When light of wavelength 248 nm falls on a metal of threshold energy 3.0 eV, the de-Broglie wavelength of emitted electrons is ________ $$\mathring{A}$$ (angstrom). (Round off to the Nearest Integer).
[Use: $$\sqrt{3} = 1.73$$, $$h = 6.63 \times 10^{-34}$$ Js; $$m_e = 9.1 \times 10^{-31}$$ kg; $$c = 3.0 \times 10^{8}$$ ms$$^{-1}$$; $$1$$ eV $$= 1.6 \times 10^{-19}$$ J]

We are given that light of wavelength $$\lambda = 248$$ nm falls on a metal with threshold energy (work function) $$\phi = 3.0$$ eV. We need to find the de-Broglie wavelength of the emitted electrons.

First, we calculate the energy of the incident photon. Using $$E = \frac{hc}{\lambda}$$, we get $$E = \frac{6.63 \times 10^{-34} \times 3.0 \times 10^{8}}{248 \times 10^{-9}}$$. The numerator is $$6.63 \times 3.0 \times 10^{-34+8} = 19.89 \times 10^{-26}$$ J m. Dividing by $$248 \times 10^{-9}$$ m gives $$E = \frac{19.89 \times 10^{-26}}{248 \times 10^{-9}} = 0.08020 \times 10^{-17} = 8.02 \times 10^{-19}$$ J.

Converting this to electron volts: $$E = \frac{8.02 \times 10^{-19}}{1.6 \times 10^{-19}} = 5.01 \approx 5.0$$ eV.
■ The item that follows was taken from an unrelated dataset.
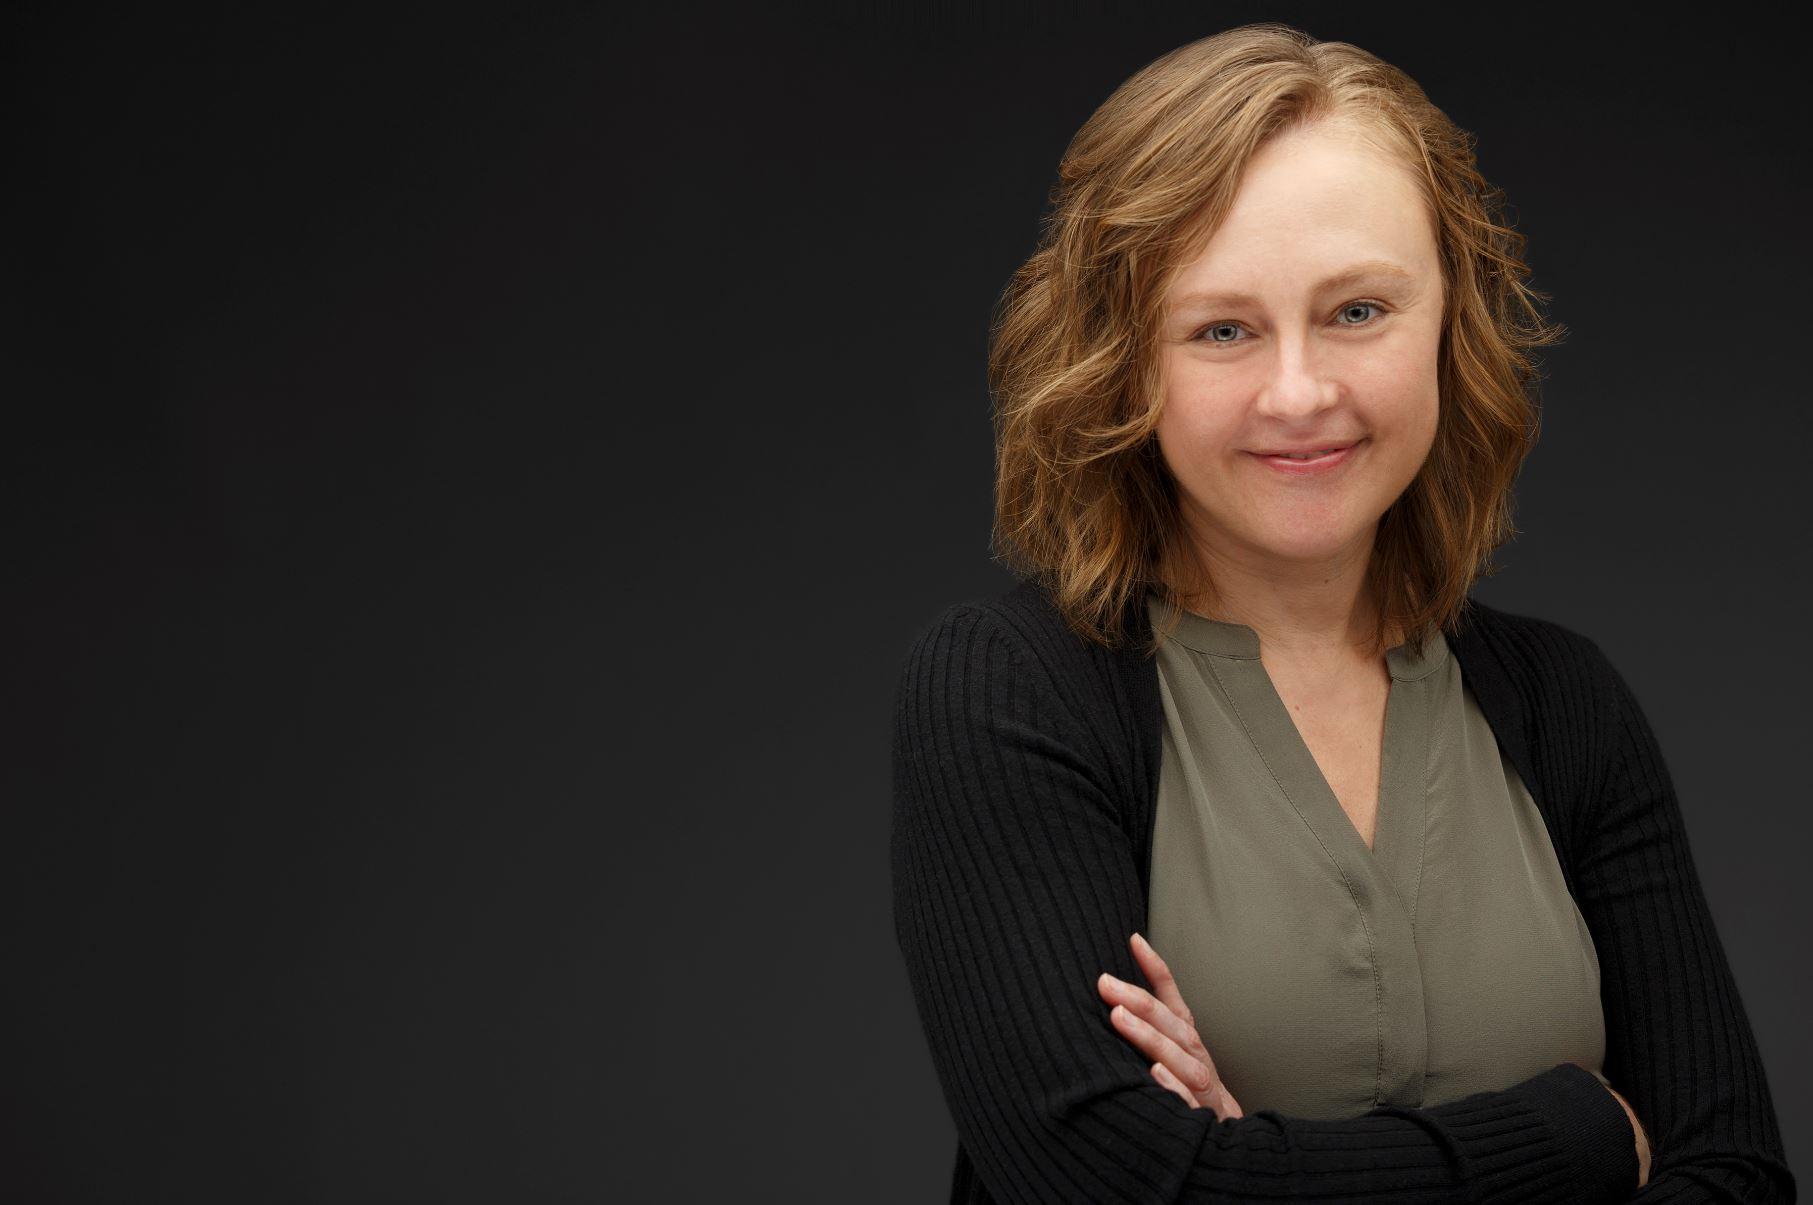 Dr. Michelle Bales, Ph.D.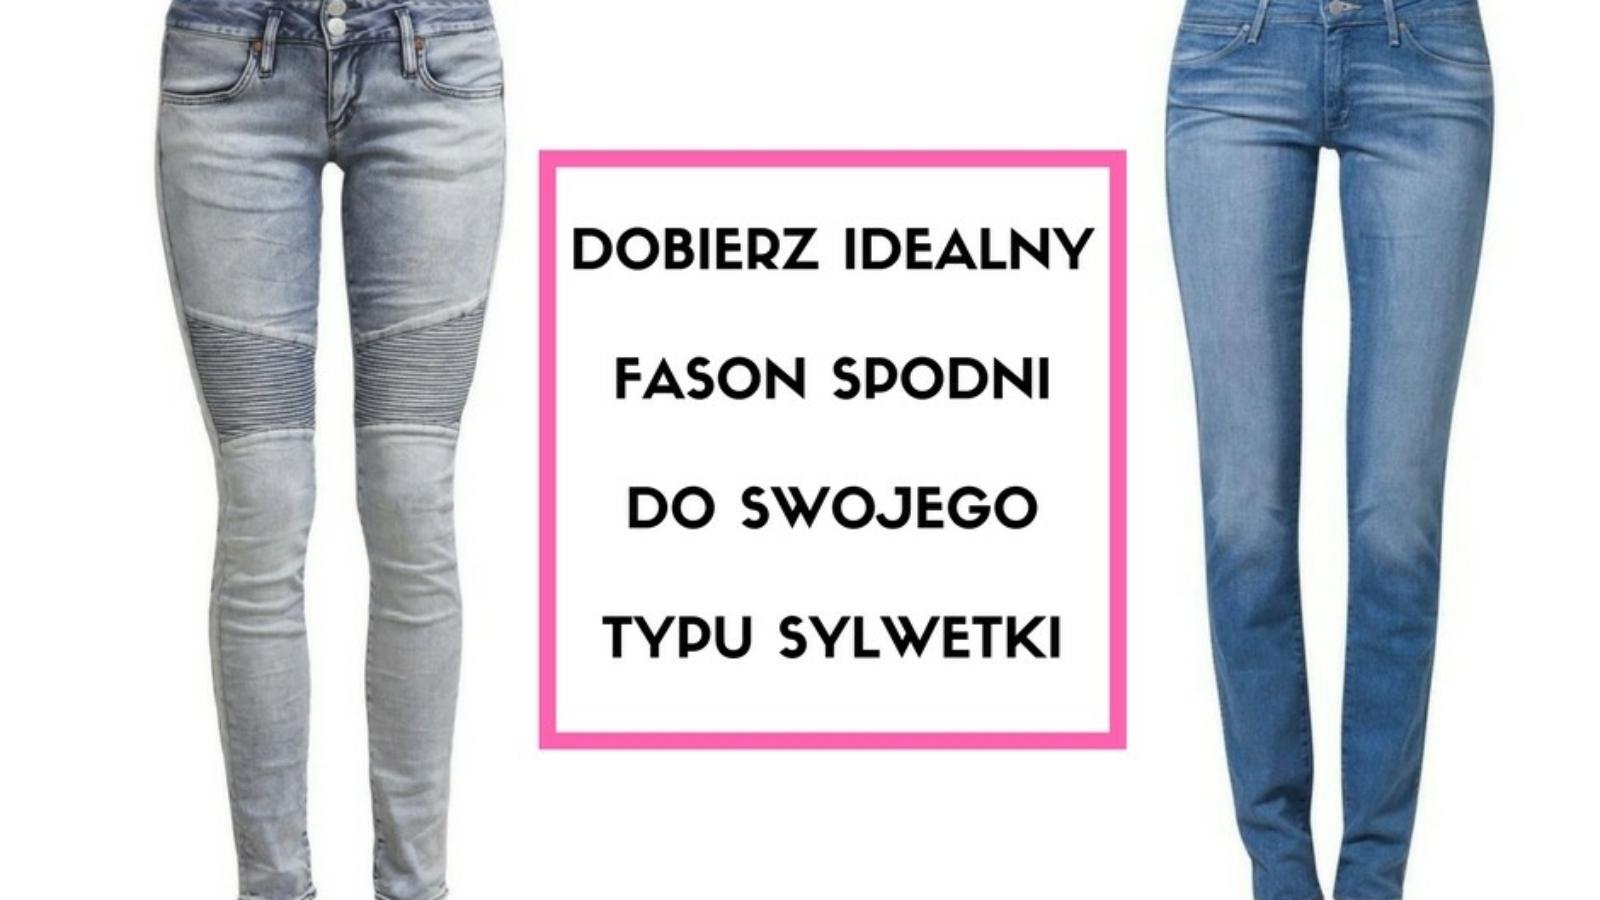 DOBIERZ-FASON-SPODNIDO-SWOJEGOTYPU-SYLWETKI

By Einstein's photoelectric equation, the maximum kinetic energy of the emitted electrons is $$KE = E - \phi = 5.0 - 3.0 = 2.0$$ eV. Converting to joules: $$KE = 2.0 \times 1.6 \times 10^{-19} = 3.2 \times 10^{-19}$$ J.

Now, the de-Broglie wavelength is given by $$\lambda_{dB} = \frac{h}{p}$$, where $$p = m_e v$$ is the momentum of the electron. Since $$KE = \frac{p^2}{2m_e}$$, we have $$p = \sqrt{2 \times m_e \times KE}$$.

Substituting the values: $$p = \sqrt{2 \times 9.1 \times 10^{-31} \times 3.2 \times 10^{-19}}$$. Computing the product inside the square root: $$2 \times 9.1 \times 3.2 = 58.24$$, so $$p = \sqrt{58.24 \times 10^{-50}}$$. We can write this as $$p = \sqrt{58.24} \times 10^{-25}$$.

To evaluate $$\sqrt{58.24}$$, we note that $$58.24 = 4 \times 14.56 = 4 \times 3 \times 4.853$$. Alternatively, $$7.6^2 = 57.76$$ and $$7.63^2 \approx 58.22$$. So $$\sqrt{58.24} \approx 7.63$$. Therefore $$p \approx 7.63 \times 10^{-25}$$ kg m s$$^{-1}$$.

The de-Broglie wavelength is $$\lambda_{dB} = \frac{h}{p} = \frac{6.63 \times 10^{-34}}{7.63 \times 10^{-25}} = \frac{6.63}{7.63} \times 10^{-34+25} = 0.8689 \times 10^{-9}$$ m $$= 8.689 \times 10^{-10}$$ m $$= 8.689$$ angstrom.

Rounding off to the nearest integer, the de-Broglie wavelength of the emitted electrons is $$\mathbf{9}$$ angstrom.